Sguera Architecture PLLC | Park Slope Addition

Park Slope Addition

The existing Neo-Grec townhouse built in 1901 is a landmarked structure within the Park Slope Historic District. It retains stunning original details at the parlor floor and other select locations but had endured subpar additions and renovations in the 100+ years since it was built. The approved work for this Park Slope addition at the Landmark Preservation Commission consists of demolishing an existing one-story partial-width extension and removing portions of the exterior masonry wall at the basement level of the rear façade, and constructing a full-width one-story addition with wood cladding and metal and glass fenestration; installing a metal chimney flue rising along the rear facade to the rooftop; patching stucco in limited areas, and repainting the rear façade; a landmark window replacement and interior alterations at the basement and first floor, including the demolition and construction of load-bearing partitions and finishes, as well as mechanical, plumbing, electrical, and HVAC work.

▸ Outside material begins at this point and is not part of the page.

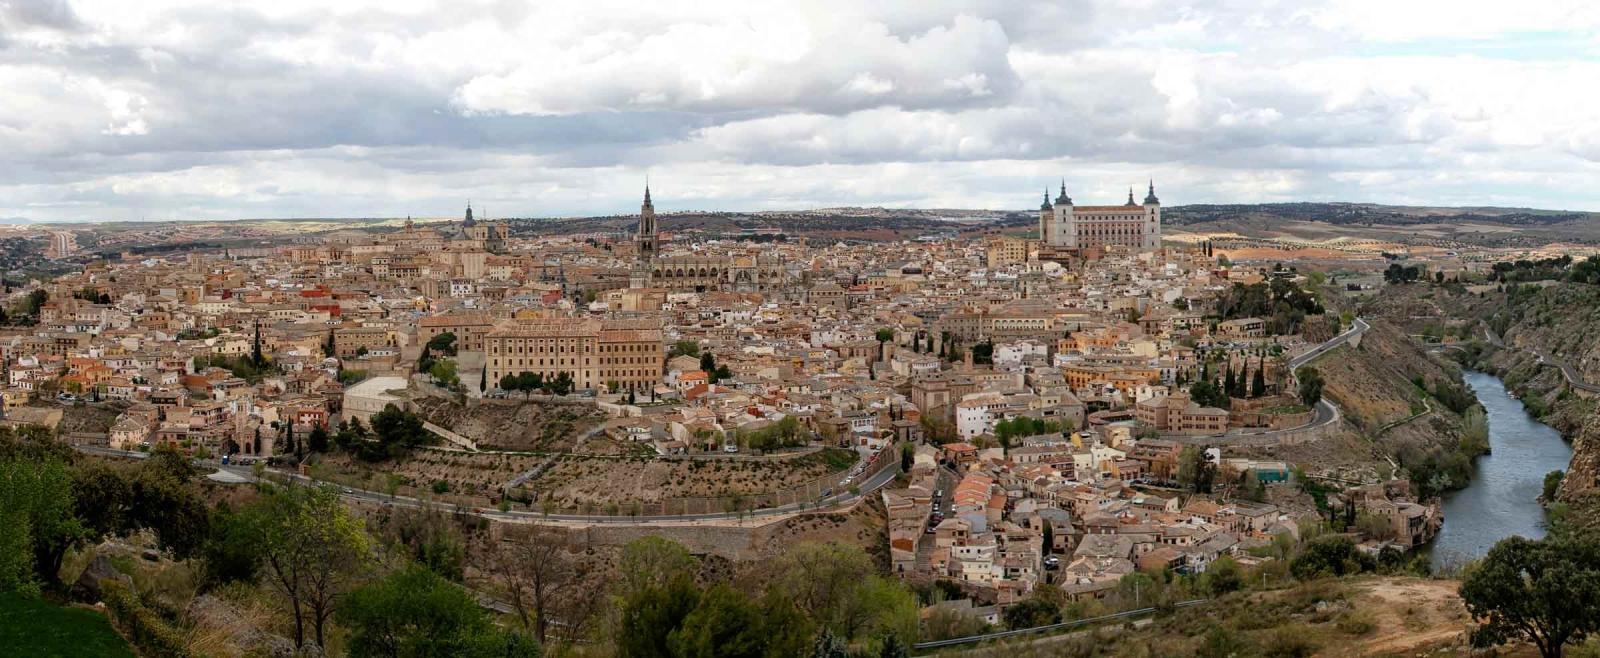 ToledoPanorama2website.jpg

The interiors of the garden level of this majestic townhome do not attempt to compete with the adjacent parlor level and its exquisite detailing but instead remain autonomous and subdued in relation to the existing historic fabric. In that spirit, we have chosen to employ ultra minimal detailing, whitewashed exposed brick walls, large format porcelain tile from Italy, large expanses of glass and white oak accents at the kitchen, window trim, and slide-fold doors that open completely to the garden. The new sunroom between the kitchen and the garden boasts three 12 foot long panels of glass overhead that allow the southern facing kitchen to receive direct sunlight throughout the year.  In addition, the new bathroom in the extension has a terrace above and off of the master bedroom suite. The exterior cladding of the new addition uses charred wood as a viable eco-friendly option since this completely natural manufacturing process requires only fire and wood thus eliminating the harsh chemicals used in pressure-treated lumber.